Through Tableau's academic licencing program, their flagship software Tableau Desktop is available to Denison students. This involves installing software onto your personal computer and activating the license with the appropriate key. You can get started by downloading and using the 14 day free trial of the Tableau Desktop. Below are the instructions as given us by the Tableau vendors:

  1. Go to the Tableau Desktop link: https://www.tableau.com/products/trial
  2. Enter your Denison email and click the Download Free Trial button
  3. Open and install the downloaded application. Note that it might take a few minutes to complete the verification process before you are able to initiate the actual application install.

It is also possible to use the Tableau Online product or the the limited version of the Desktop App for near term goals, but these will be insufficient when we move into the Relational Database unit of the course and beyond.

While the install is happening, it would be a good idea to take the steps to request your 1 year academic license for the software.

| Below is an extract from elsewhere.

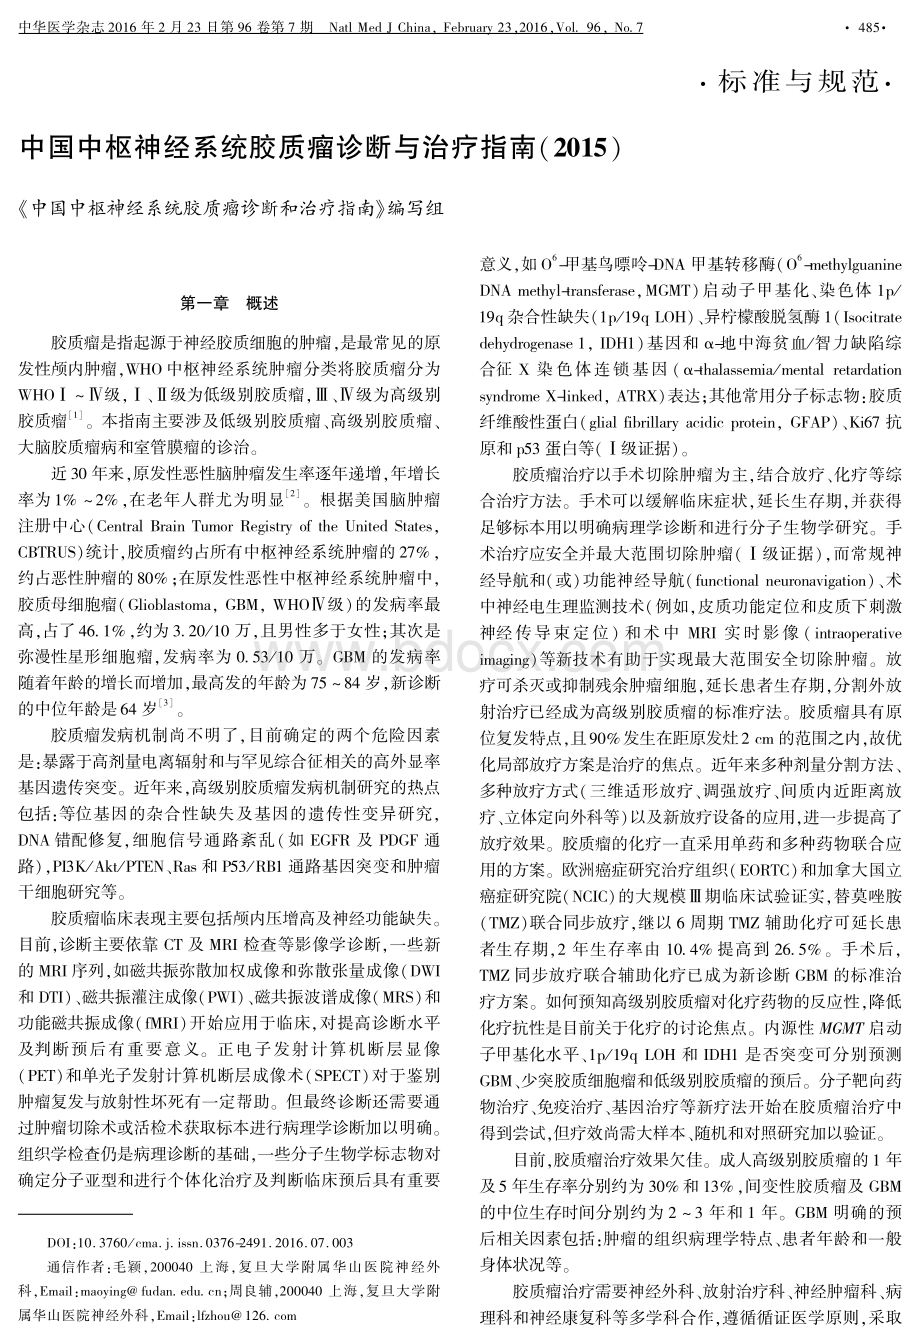 中国中枢神经系统胶质瘤诊断与治疗指南资料下载.pdf

You can request your academic license by going to https://www.tableau.com/academic/students and clicking the "Get Tableau for Free" and following the licensing questions/dialog.

Once you enter your information, you will click on "Verify Student Status." This often involves some kind of document that includes your name, Denison University, and a student id or class year. Over the years I have taught this class, the information has changed, so please post to Notebowl (if someone has not already done so) what information folks need.

First Step

As of the time of last update of this practicum, the trial version of Tableau (Professional Desktop) was 2020.1. When the application was opened for the first time, it gave a place to activate a license, that, once your form has been successfully processed, you will get from Tableau, or to activate the 14 day trial.

  • Once you open Tableau Desktop 2020.1, you should see a screen which looks like this: tableaumain
  • On the left, you'll see a list of possible files to connect to. In simple terms, connect simply means to open (connect to) a datasource from within the Tableau system. Beneath the local file options in the left panel, you'll see an option which says To a Server. This allows you to pull data directly from online sources, without having to download them locally. Let's start practicing with a local data set. For this example, we'll use this following data set:
  1. Go to the following Google Drive Sharing Link and Download the referenced zip file EUAS.zip

  2. From wherever your download placed the zip file, drag it into the same folder as this TableauTutorial.ipynb, under the class folder of the student class repository.

  3. Expand the file to obtain the EUAS.xlsx file.

  4. Once unzipped, you can move the EUAS.zip to the Trash.

The purpose of this dataset is to enable calculation of energy needs to either heat, or cool a household to keep them at an average room temperature of 70 degrees. Heating degree days are indicators of household energy consumption for space heating. It was found that for an average outdoor temperature of 65 degrees Fahrenheit, most buildings require heat to maintain a 70 degree temperature inside. Similarly, for an average outdoor temperature of 65 degrees or more, most buildings require air-conditioning to maintain a 70 degree temperature inside. Days above are called "Cooling Data Days", CDD for short, while days below this point are called "Heating Data Days", or HDD for short.


Setting up the data

  • Let's start by connecting in our new data set to Tableau.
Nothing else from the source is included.